Write the full listing out again, word for word, but omit the pictures.

__Collected material__
—————

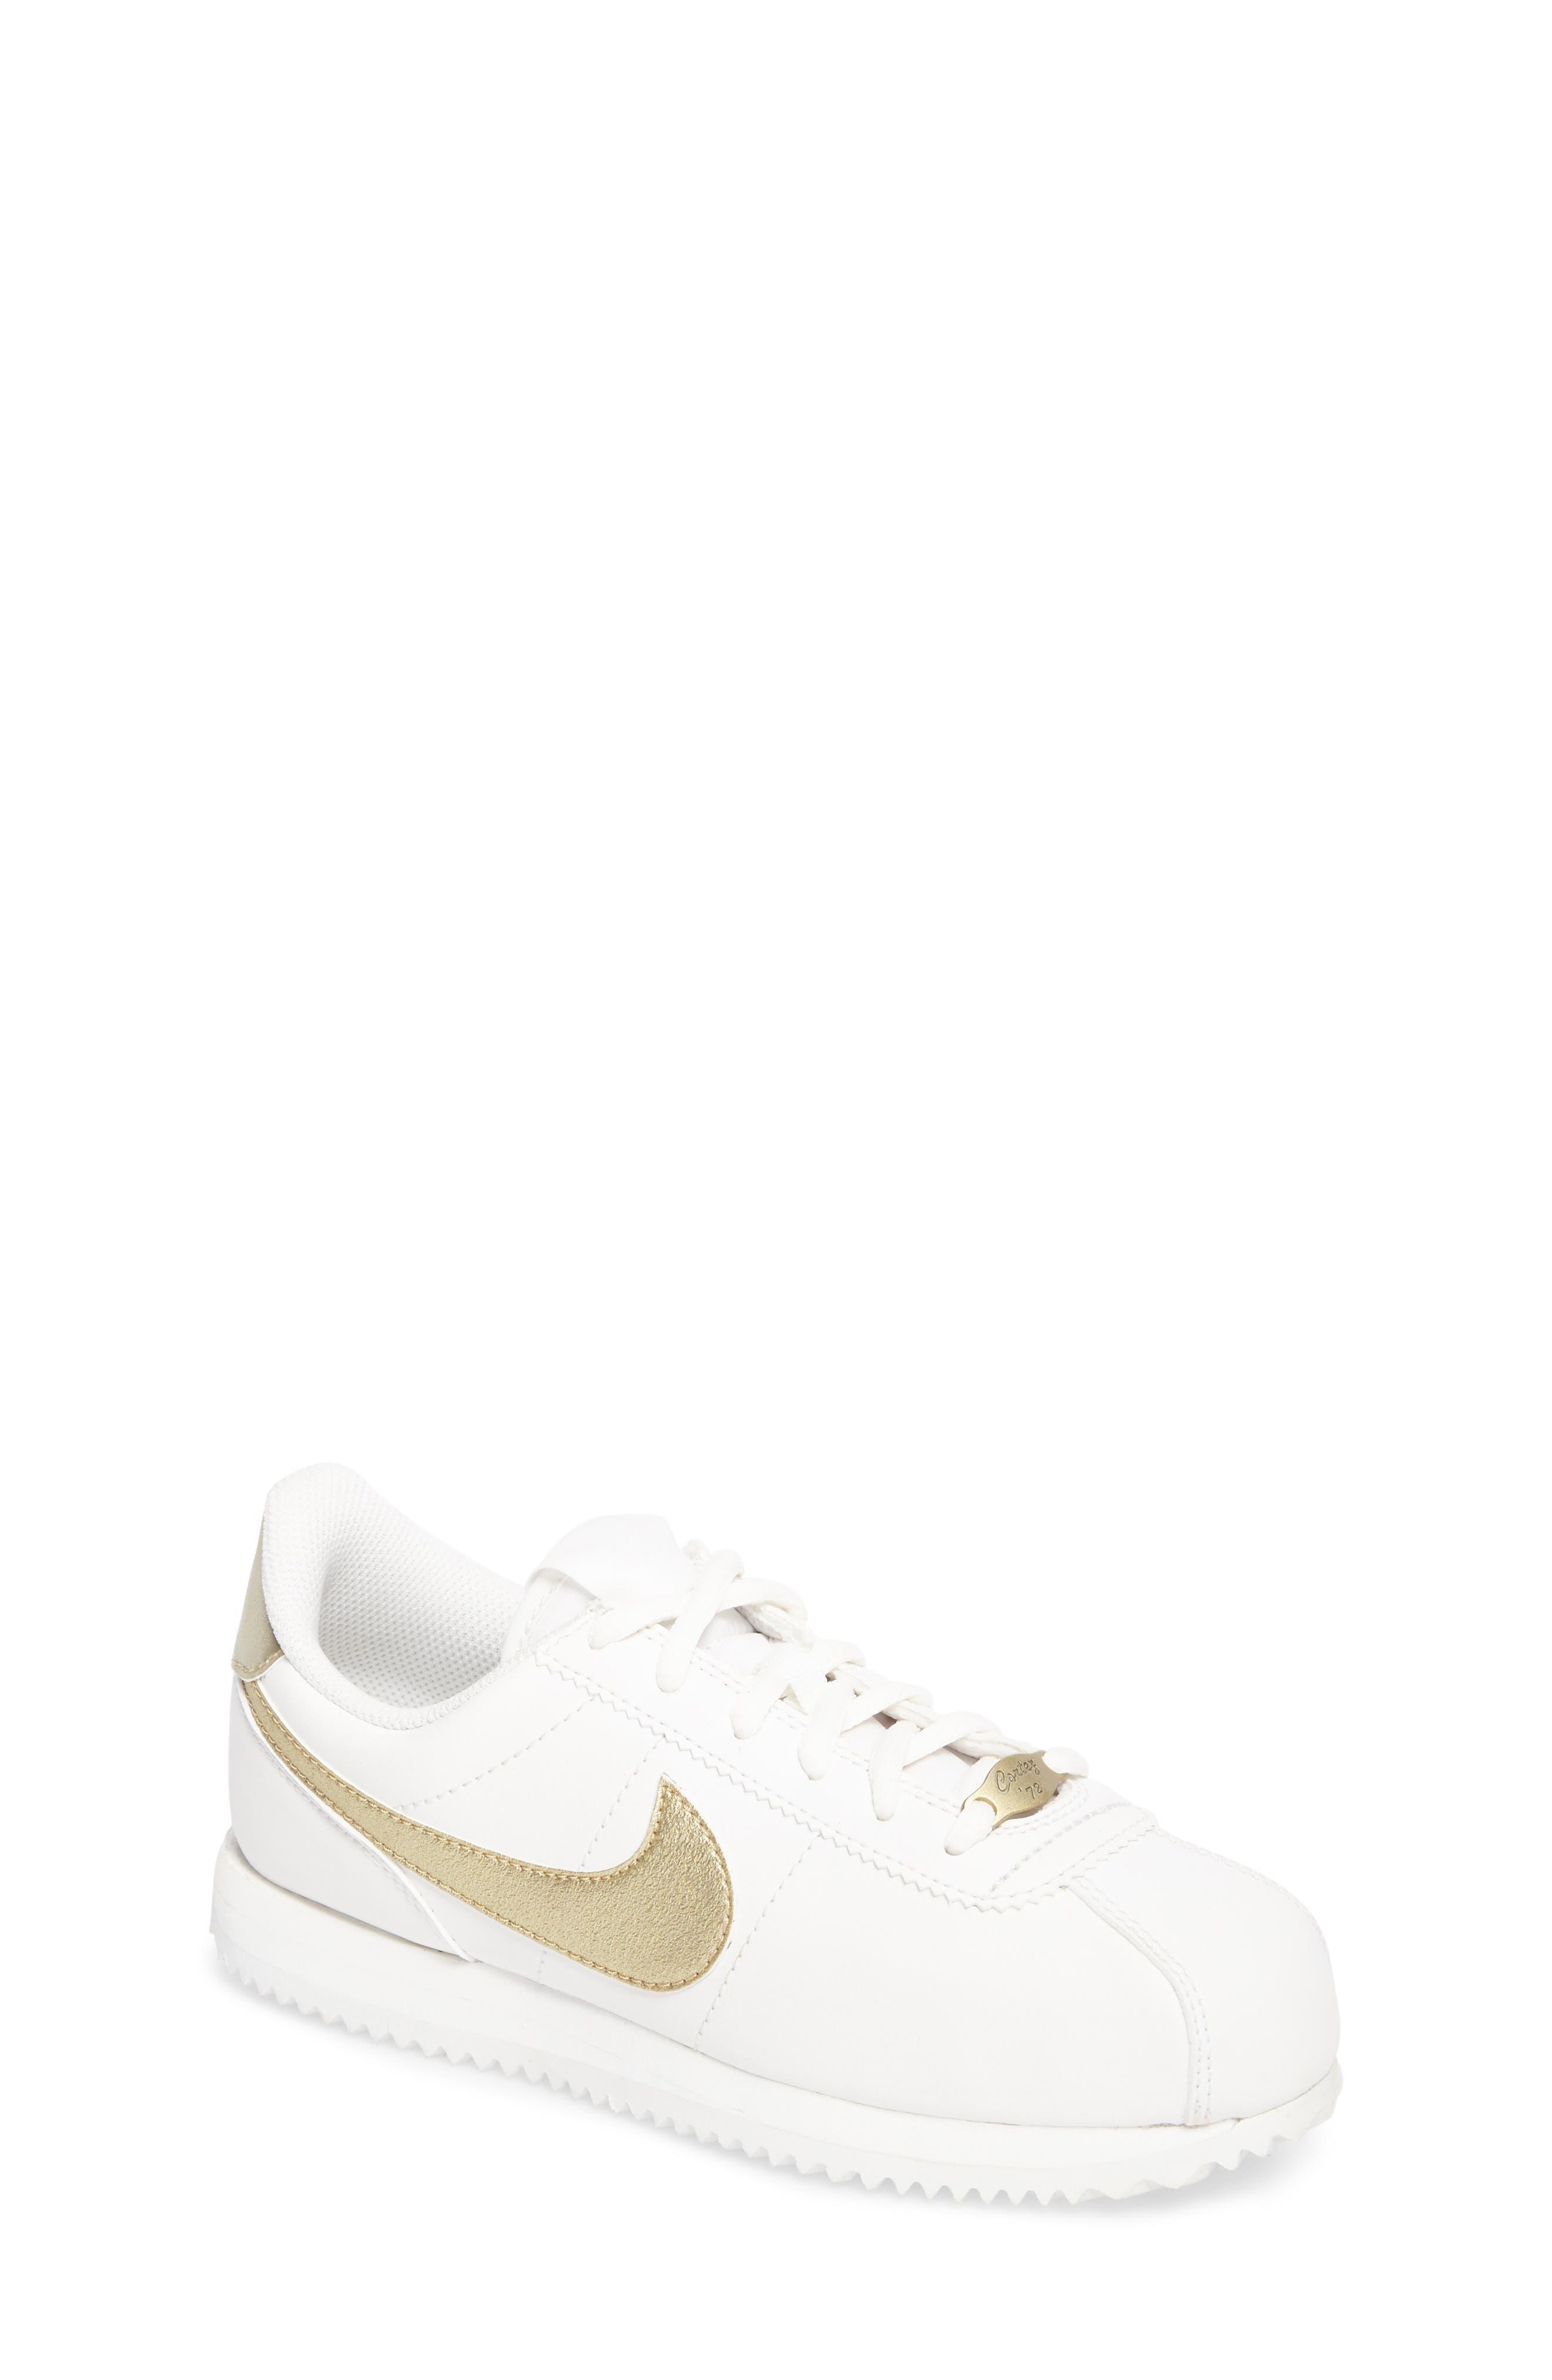 Main Image - Nike Cortez Basic SL Sneaker (Toddler, Little Kid & Big Kid
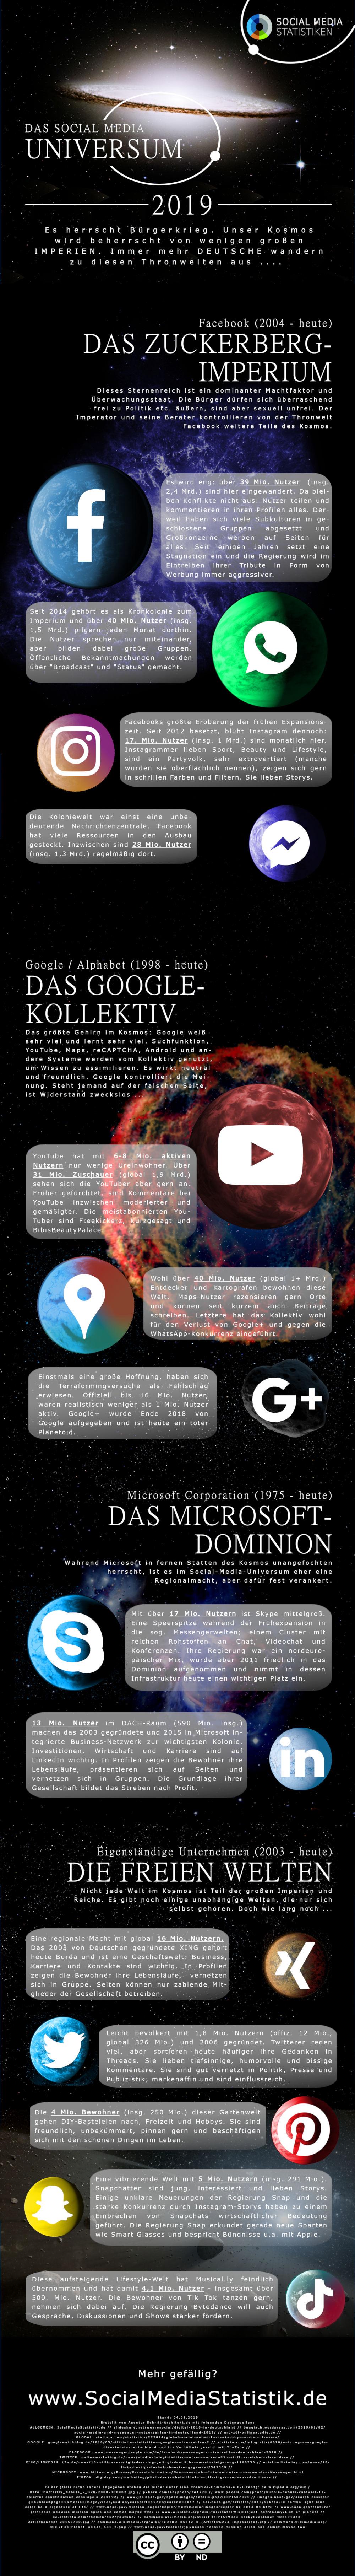 Infografik SocialMediaUniverse2019_1000_052019
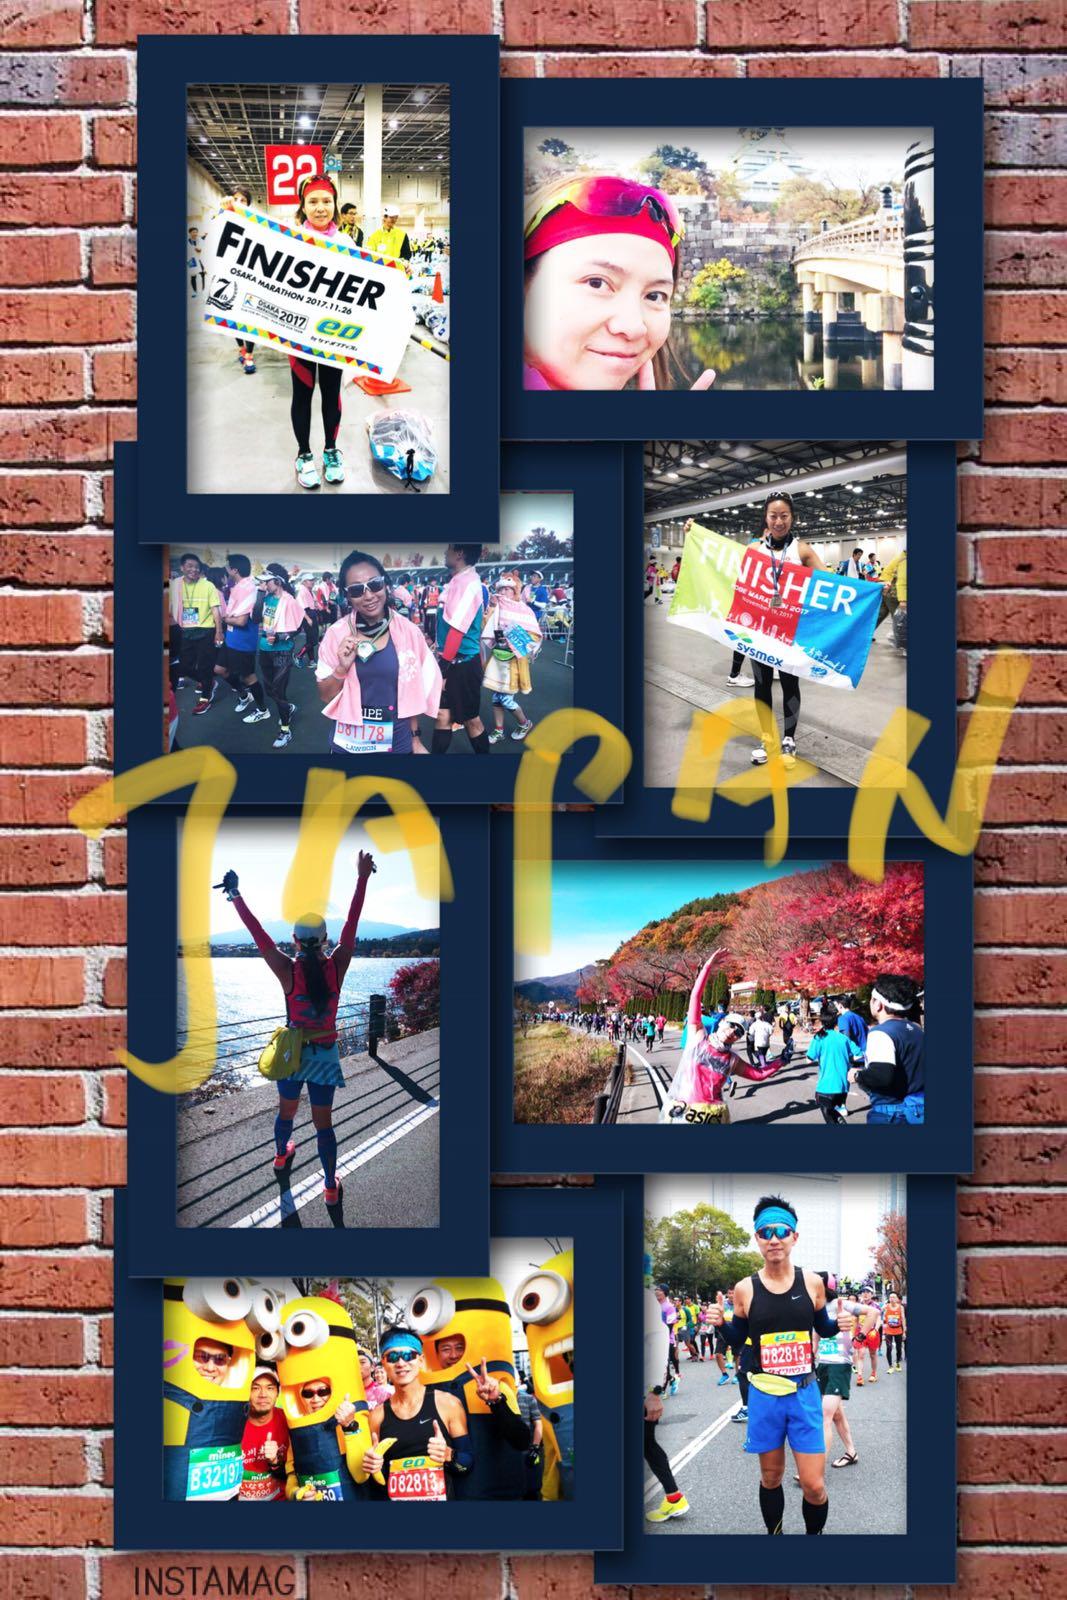 2017-12-05-PHOTO-00007153.jpg

—————

__Task response__
 Main Image - Nike Cortez Basic SL Sneaker (Toddler, Little Kid & Big Kid
 Infografik SocialMediaUniverse2019_1000_052019
 2017-12-05-PHOTO-00007153.jpg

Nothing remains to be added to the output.